Podemos entender seu desapontamento, amigo leitor, mas você deve ser indulgente
conosco. Resgato novamente a minhas próprias palavras: “ É difícil para maior parte das
pessoas, em qualquer parte do mundo, admitir que pornografia pode ser arte e – pior – arte
que pode interessá-las de alguma forma. ” O problema, aparentemente, não é aqui o que
fazer com a definição de de- finição, como aqui no início do artigo elusivo e, para todos
os mecanismos protegidos – instalados. Porque o cerne do questionamento que ronda
Druuna e Serpieri não é o que é feito com a arte, mas o que é feito com o sexo.
Como mostramos a introdução do tópico, Singer nos aponta para o fato de que nada
relacionado ao poder sexual é humano, de fato, relacionado ao ato, mas sim, a um
universo criado em si mesmo em torno dele. Então, por uma série histórica e social, o
sexo se tornou culturalmente repreensível de significado publicamente, assim como uma
ferramenta poder e dominação na esfera. Dessa forma, toda e toda ficção de ficção que
se utiliza como motor da narrativa – Druuna – necessariamente qualquer processo de
fabricação de sexo antes de experiência arte.
Para pensadores, como Alva Noe em seu Strange Tools: Art and Human Nature ,
pornografia porque ela não cumpre uma função específica, a masturbatória, que tira do
pode ser a possibilidade de um livro imer e fruto da obra per se . E que, por ser incapaz de
permitir ao seu espectador transcender e questionar, ela não pode ser arte. É um
argumento muito parecido com aquele estabelecido por hermeneutas como Ga
funcionar em sua função e que dizem, se o visualizador não é de alguma forma
refigurado e/ou ressignificado que imergir numa obra, então ou a obra em cumprir sua
como arte, ou ela simplesmente não é arte.

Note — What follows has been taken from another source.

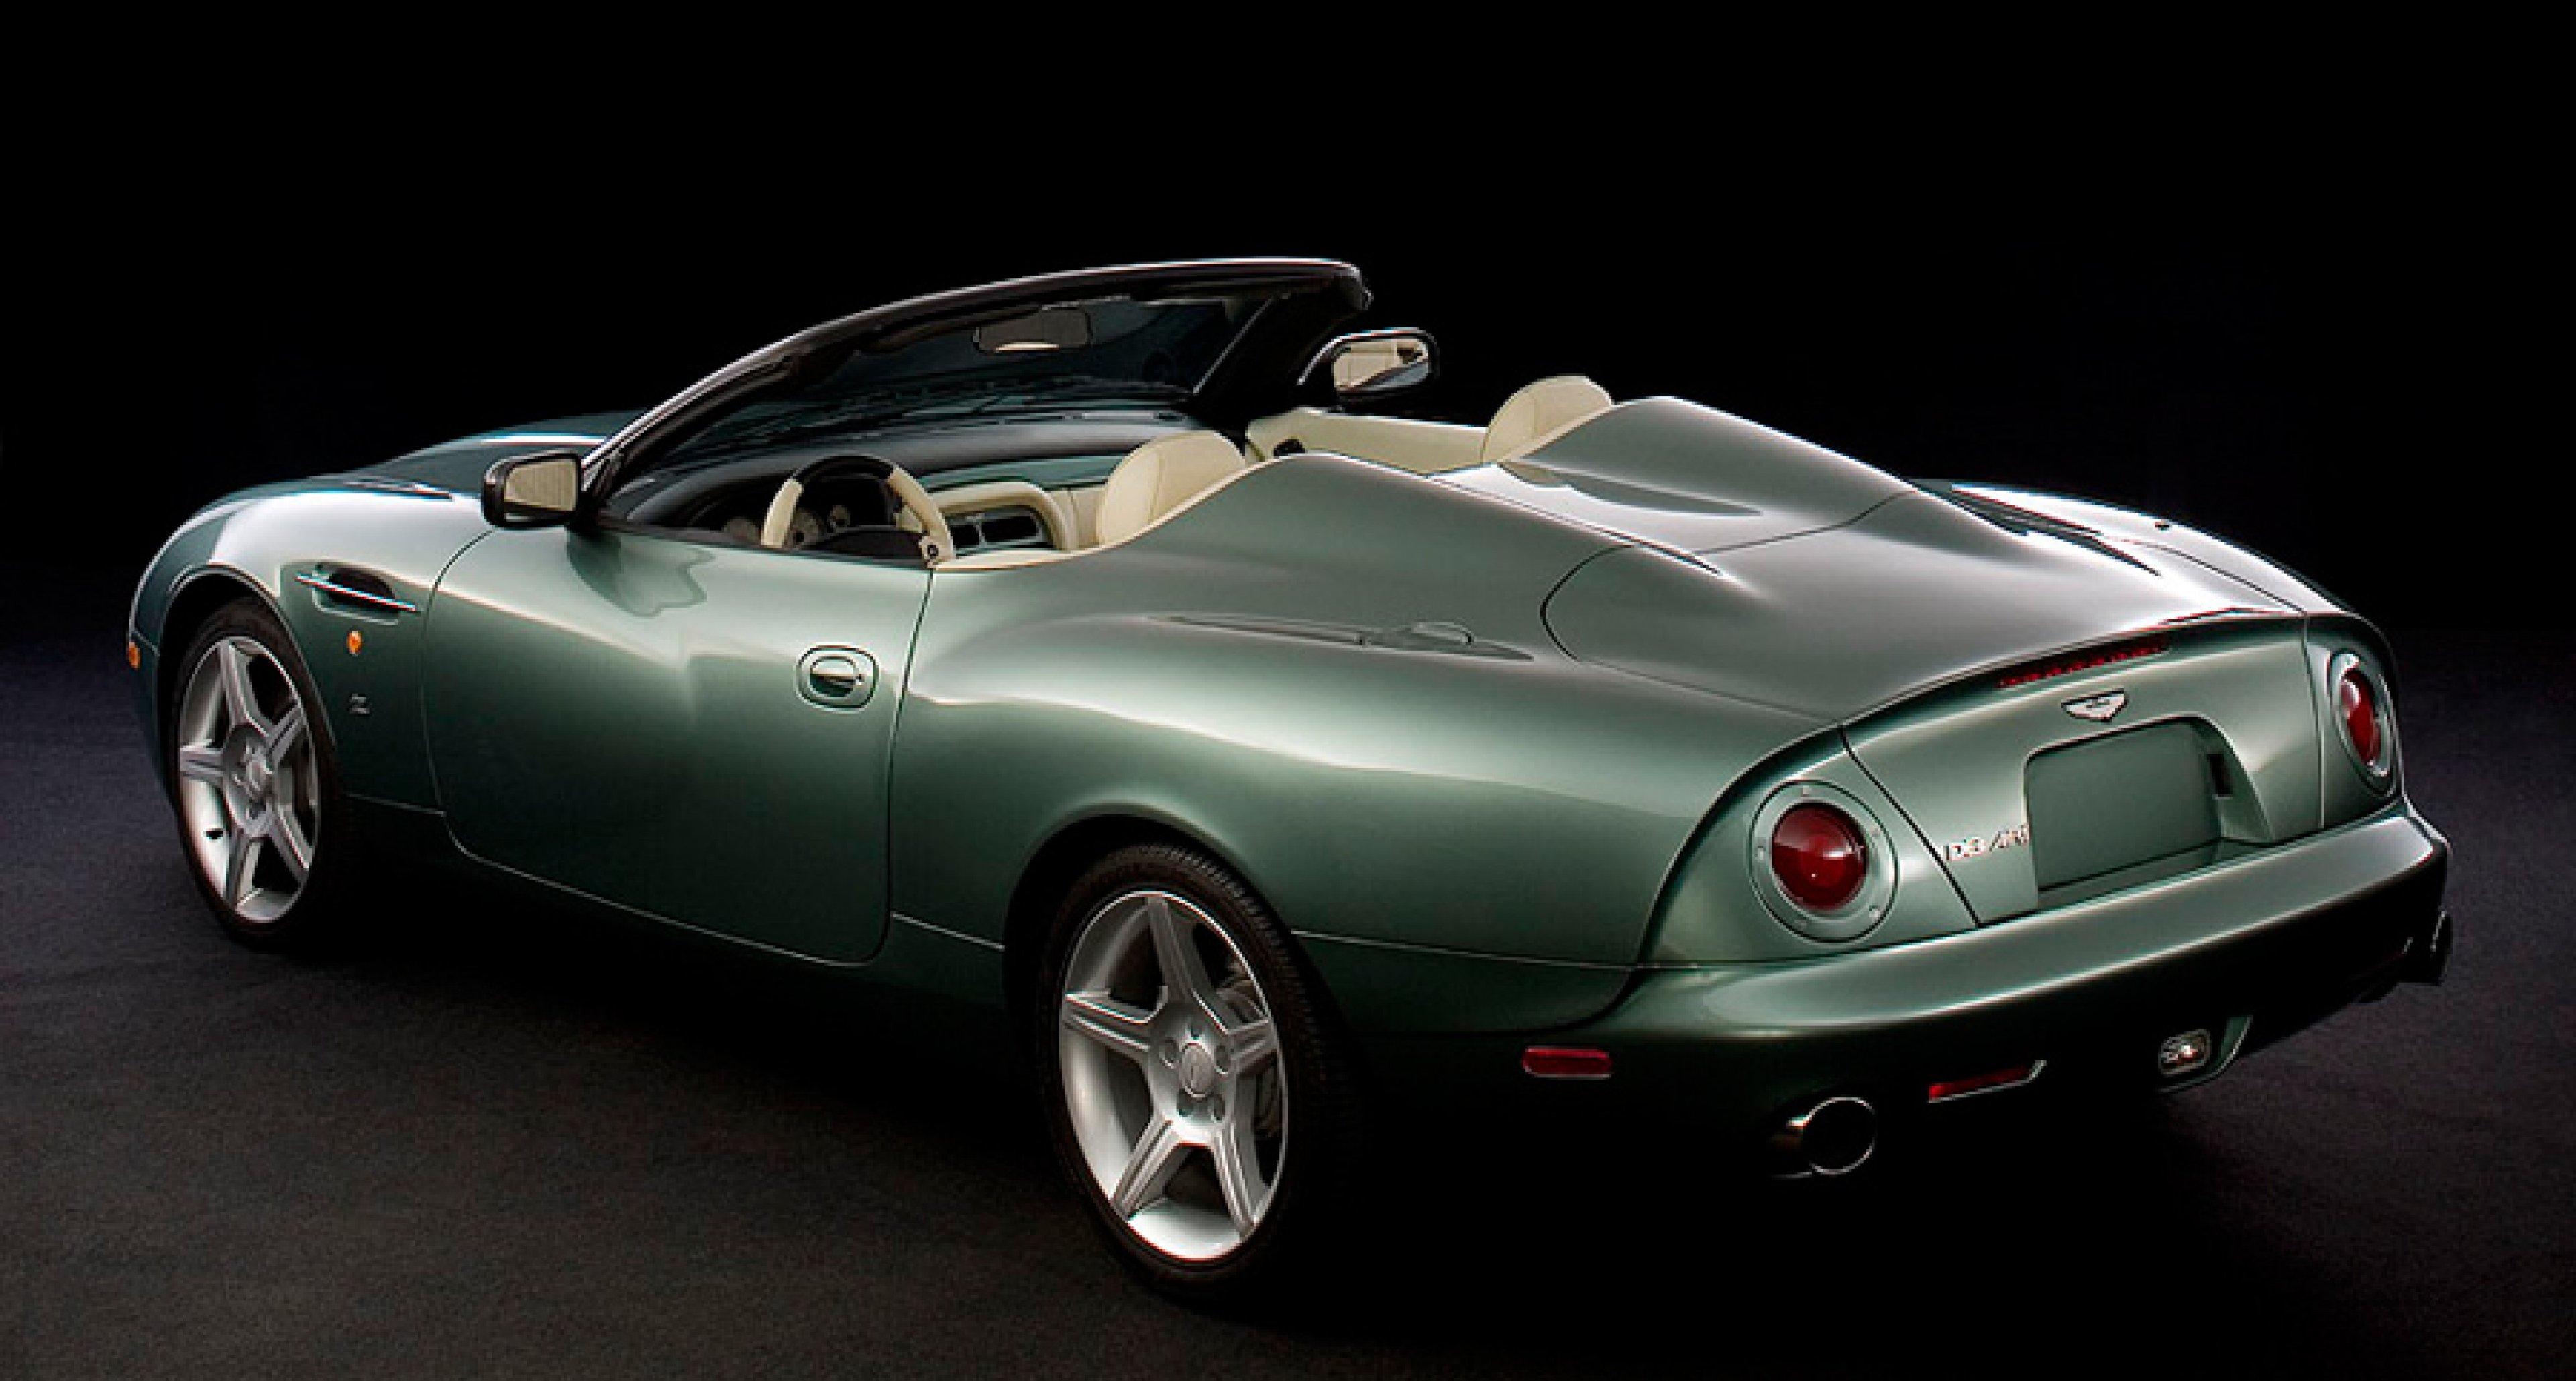 Aston Martin Db Ar1 La Motor Show Car No 1 For California Sr1 Classic Driver Magazine

Que tipo de reflexão um filme como Transformers oferece? Existe uma distinção
qualitativa tão grande desta relação à, por exemplo, um clássico do soft porn como
Emmanuelle no Espaço ? São obras de consumo, que cumprem uma função específica:
entretenimento. E ninguém duvida nem por um instante que o cinema seja uma forma de
arte, pois na mesma medida em que o cinema oferece Transformers , ele oferece
Bergman . E a mesma lógica se aplica aos quadrinhos – na mesma medida em que
oferece super heróis descartáveis, oferece Eisner e Tezuka. A pornografia pode
certamente ser uma forma de arte, se a arte é compreendida no sentido de ofício; como
muitas outras, pode ser tanto uma arte aplicada (tem sua utilidade de alienação e
consumo) ou uma bela arte (criada pela sua beleza estética e ajuizada pela sua beleza
inata).
E mesmo violência é algo tão publicamente condenável quanto o sexo mas que não
recebe nem campo moral ou mesmo tipo de repreensão. Doses excessivas de violência
não causam impacto nem são nem mesmo sexo explícito – motivo pelo qual o terror é
considerado uma forma de arte natural, mas pornografia não. A arte, sob medidas o
crítico de uma lógica e filosófica, não permite dois pesos duas.
O que leva justamente para uma extensão do que não apresenta razão não ser aplicado
sobre a pornografia: sim, existem principalmente problemas sobre essa maneira de
entretenimento que ela produz, o tipo de argumento de coisa que ela produz e seus
efeitos sobre as mentes não muito estáveis de seus consumidores. Entretanto, se
argumenta dentro de uma lógica ética, como uma proposta por Singer, o problema não
está na pornografia em si, mas enquanto ela é aplicada como conceito. O que significa
que ela é hoje não necessariamente sendo o que ela significa.
E se o efeito for provocado pelo grotesco e pelos abusos refigura sua própria visão do
sexo, então talvez Druuna possa funcionar sua obra enquanto existirem perguntas
enquanto escolhas, assim como pode não ser com o julgamento de gosto do leitor
compatível. Mas não questiona sua validade como um objeto de arte e entretenimento e,
em alguma medida, de reflexão.
Ou talvez todo esse argumento seja vazio, e falte sensibilidade e alteridade para este
colunista. Não cabe dizer. Cabe apenas entender que, após contemplar a obra de Paolo
Serpieri, o leitor – para bem ou para mal – nunca mais será mesmo.